The excise tax also generated about $11.6 million for schools and $11.6 million for roads. The remaining $12.5 million will be used to cover the state’s start-up and administrative costs for operating the adult-use marijuana system.

“Infusing over $28,000 per retailer and microbusiness into local government budgets across the state is very impactful and shows how strong and successful the industry is becoming," said Andrew Brisbo, executive director of the state's Marijuana Regulatory Agency.

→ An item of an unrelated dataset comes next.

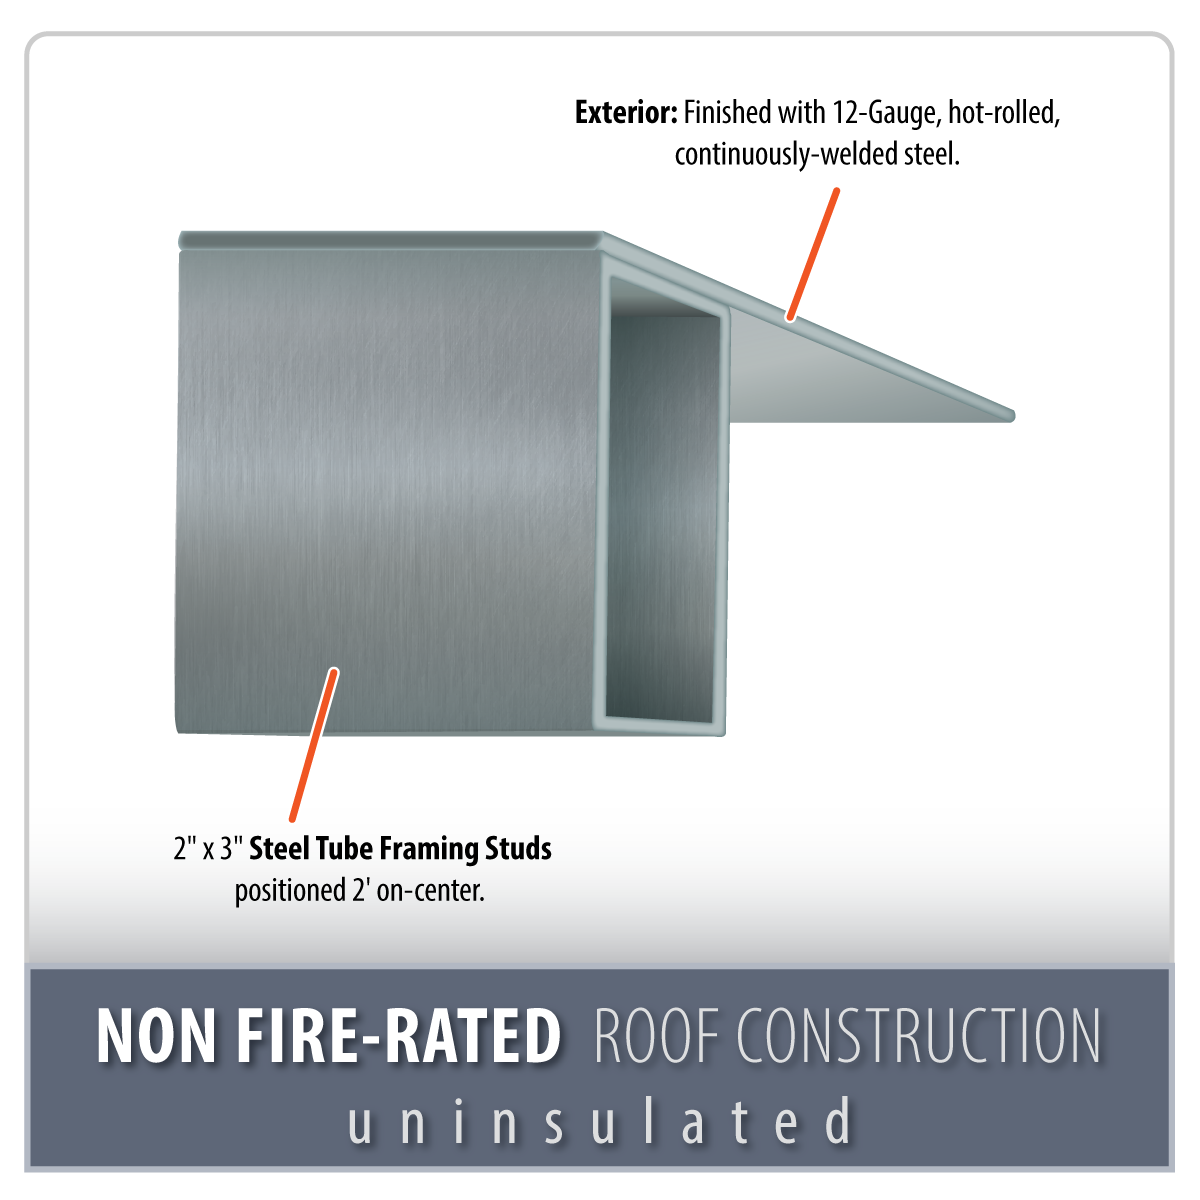 Non Fire-Rated Uninsulated Roof Construction Feature

With 22 dispensaries, Washtenaw County will collect the most money from excise taxes – more than $616,000. Ann Arbor, with 17 dispensaries, will receive more than $476,000. Bay County will collect more than $420,000 for its 15 dispensaries.

Despite the allure of new tax revenues, fewer than 100 of the state’s 1,764 communities permit recreational marijuana sales.

The cash-strapped city of Detroit won't receive any of the 2020 money because it has not yet allowed recreational dispensaries to open. Beginning in January, Detroit finally began accepting applications for recreational dispensaries.

Recreational marijuana sales totaled more than $341 million in the fiscal year 2020, which ran from Oct. 1, 2019, to Sept. 30, 2020. The adult-use market launched on Dec. 1, 2019.

Unlike medical cannabis, recreational marijuana has a 10% excise tax and a 6% sales tax. Excise tax revenue goes to local governments, schools, and roads.

In 2019, the Senate Fiscal Agency projected recreational marijuana would rack up $150 million in sales and excise taxes in the 2020-21 fiscal budget, which began in October. By 2022-23, the agency estimates the tax revenues will reach $262 million.

Since the sales of recreational marijuana became legal in December 2019, more than 175 recreational dispensaries have opened.